No es que los ingleses se hubiesen vuelto locos de repente. Lo cierto es que ellos mismos utilizaban los orinales como herramientas de propaganda. Es más, entre 1803 y 1805 fabricaron masivamente piezas cuyo fondo estaba adornado con la efigie de Napoleón. Su obvio propósito era que los ciudadanos británicos se dieran el gusto de orinarle al emperador en la cara 🚽.

Grabado histórico de Napoleón como Primer Cónsul firmando documentos rodeado de diplomáticos franceses.
La fase consular del régimen no fue ajena a la propaganda. Ya entonces, el arte se esforzaba por transmitir una imagen idealizada de Bonaparte.

El «Gabinete Negro» (Cabinet Noir)

Durante el periodo imperial, el espionaje de las cartas alcanzó límites paranoicos.
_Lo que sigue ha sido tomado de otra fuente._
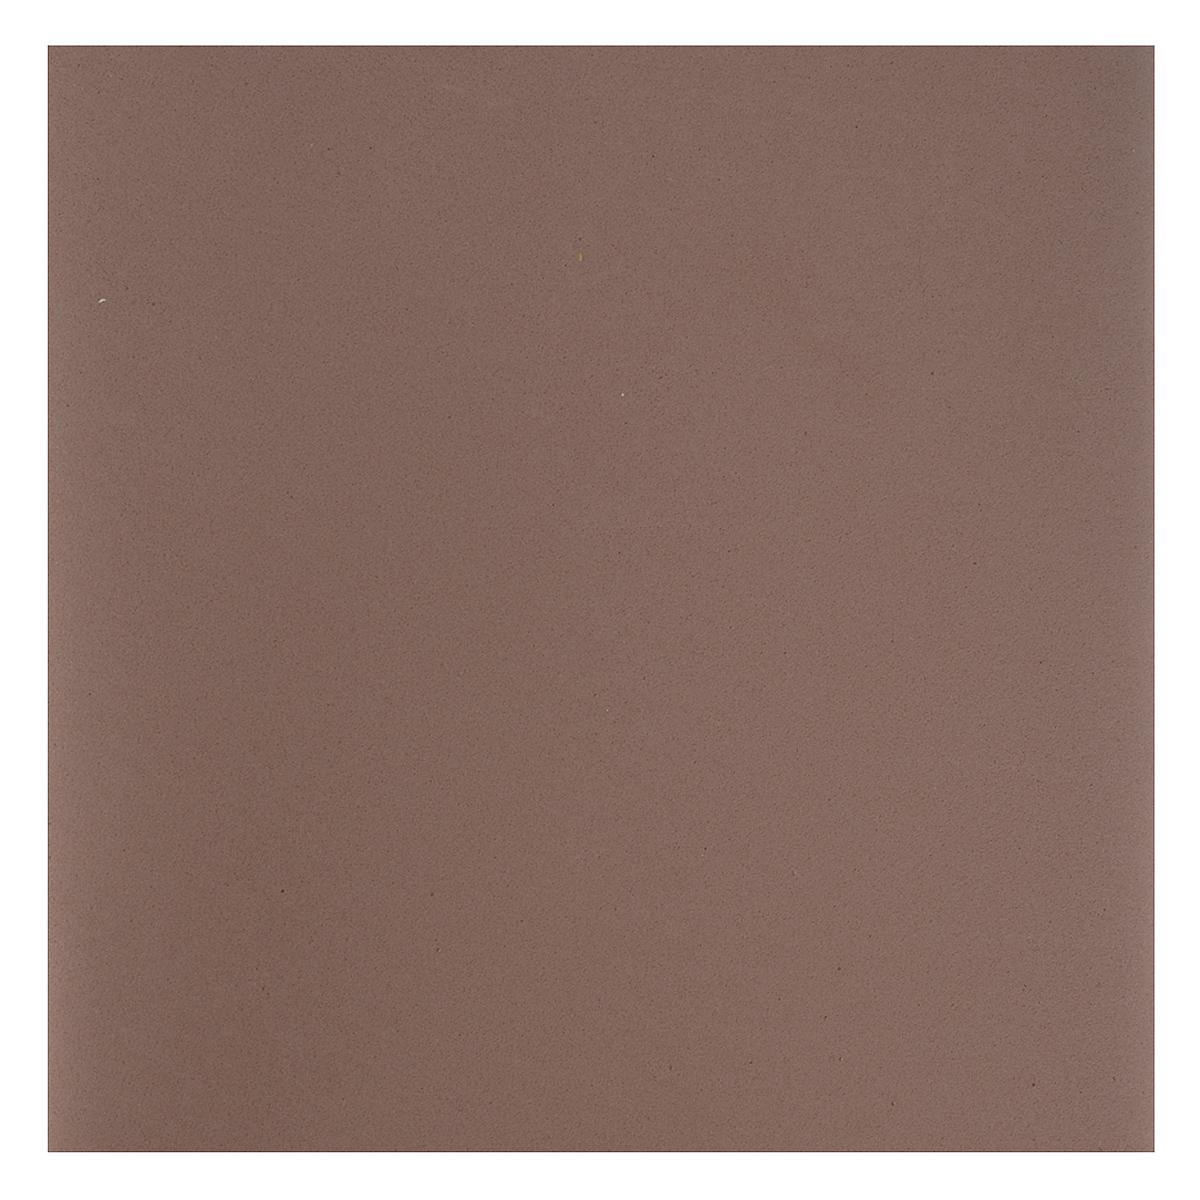 Фоамиран АртНева, цвет: коричневый, 25 х 25 см694520_коричневыйФоамиран АртНева изготовлен из полимерного материала, легкого и приятного на ощупь. Изделие предназначено для создания цветов и композиций, кукол, украшения упаковок, магнитов, поделок, аппликаций и многого другого. С успехом используется для различных видов рукоделия, создания разнообразного объемного декора. Главная особенность состоит в том, что материал под воздействием тепла рук способен к небольшому растяжению для изменения формы и придания фактурности.

La oficina de correos contaba con un gabinete secreto encargado de abrir, leer y volver a sellar miles de cartas privadas. Con la excepción de Joseph Fiévée, nadie se libraba de esta forma de censura (ni siquiera los ministros y generales de Napoleón).
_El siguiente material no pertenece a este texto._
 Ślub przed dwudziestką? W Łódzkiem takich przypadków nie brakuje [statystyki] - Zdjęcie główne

La verdadera travesía alpina

Uno de los cuadros históricos que más manipuló la realidad fue el de Napoleón cruzando los Alpes. El lienzo de David nos muestra al emperador cabalgando a lomos de un fogoso corcel en medio de una tormenta. En realidad, el corso atravesó las montañas montado sobre una mula y con un clima benigno. Es más, ni siquiera lideró la marcha: sus tropas habían despejado el camino dos días antes.
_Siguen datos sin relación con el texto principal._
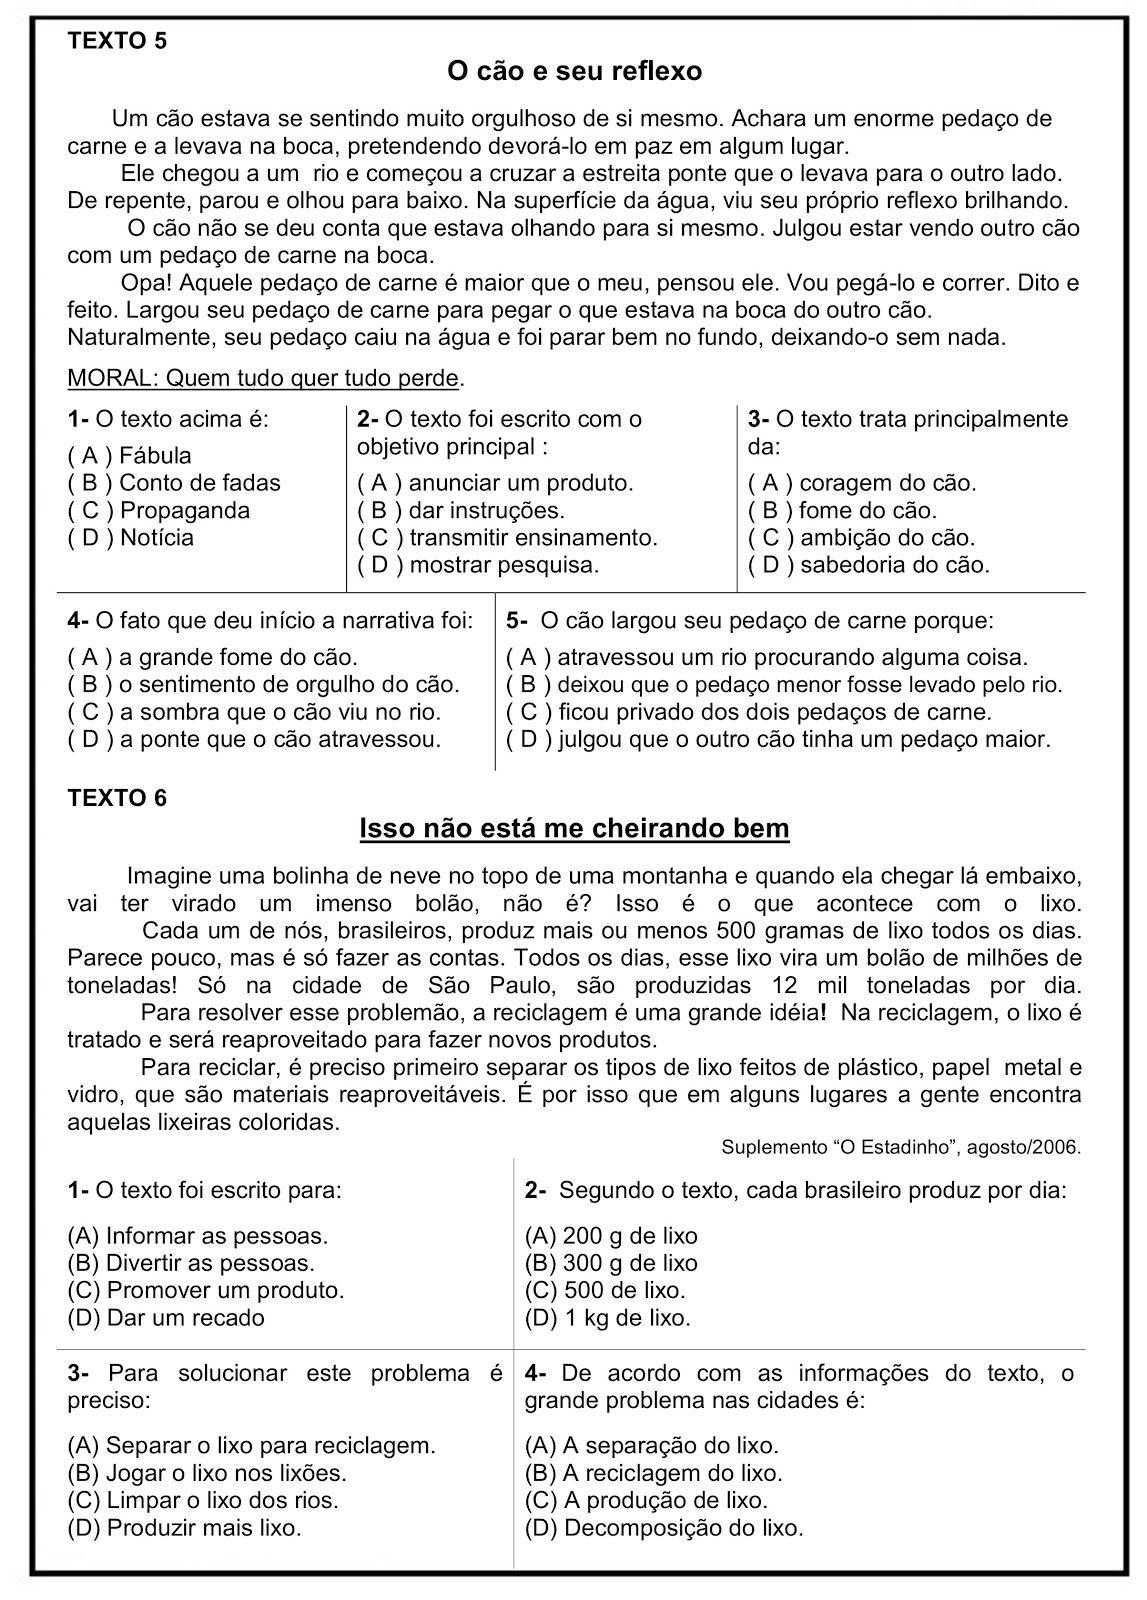 Pin De Malisi Em Atividades Escolares Atividades De Gramatica

Merece la pena reseñar que este cuadro ni siquiera contó con el propio Napoleón como modelo. El emperador se negó reiteradamente a posar sobre un caballo. A David no le quedó otra que utilizar a su propio hijo sentado en una escalera para recrear la pose heroica que inmortalizó en su lienzo.

El complejo de Napoleón: mérito británico

La propaganda anti-napoleónica fue intensa y muy eficaz. No por nada, la caracterización del emperador como un hombrecillo colérico y megalómano ha llegado hasta nuestros días. Tal es su impacto que ha servido para bautizar una condición psicológica conocida como el complejo de Napoleón (compensar la baja estatura con actitudes dominantes).

Caricatura política en blanco y negro de James Gillray mostrando a Napoleón sufriendo un ataque de rabieta.
Las caricaturas británica Little Boney de Gillray ridiculizan al emperador a todos los niveles imaginables: desde su estabilidad mental hasta su hombría eran cuestionadas.

Lo de la baja estatura de Napoleón es una de las mayores fake news históricas más arraigadas; en realidad, su altura (1,67 metros) lo situaba dentro de los estándares masculinos propios del siglo XIX. Por otro lado, aunque tenía un temperamento fuerte, no llegaba a ser iracundo. El propio Bonaparte admitió durante su exilio que las caricaturas de Gillray le habían infligido «más daño que una docena de generales».

“¡Y decían que no sabía escribir!” Napoleón tras releer con deleite sus propios boletines durante su exilio en Santa Elena.


Banner de Todo Propaganda sobre fondo de ladrillo negro, con flechas que dicen Comenta, Comparte, Puntúa y el póster del Tío Sam.

Identificar la propaganda napoleónica con un mero mecanismo de represión periodística es quedarse corto. Fue mucho más que eso. Ciertamente, el régimen de Bonaparte es visto como el primer antecedente moderno de la comunicación política. No en vano, su influencia y legado persuasivo perviven en nuestros días, hasta el punto de que políticos de todo signo han tomado buena nota de él.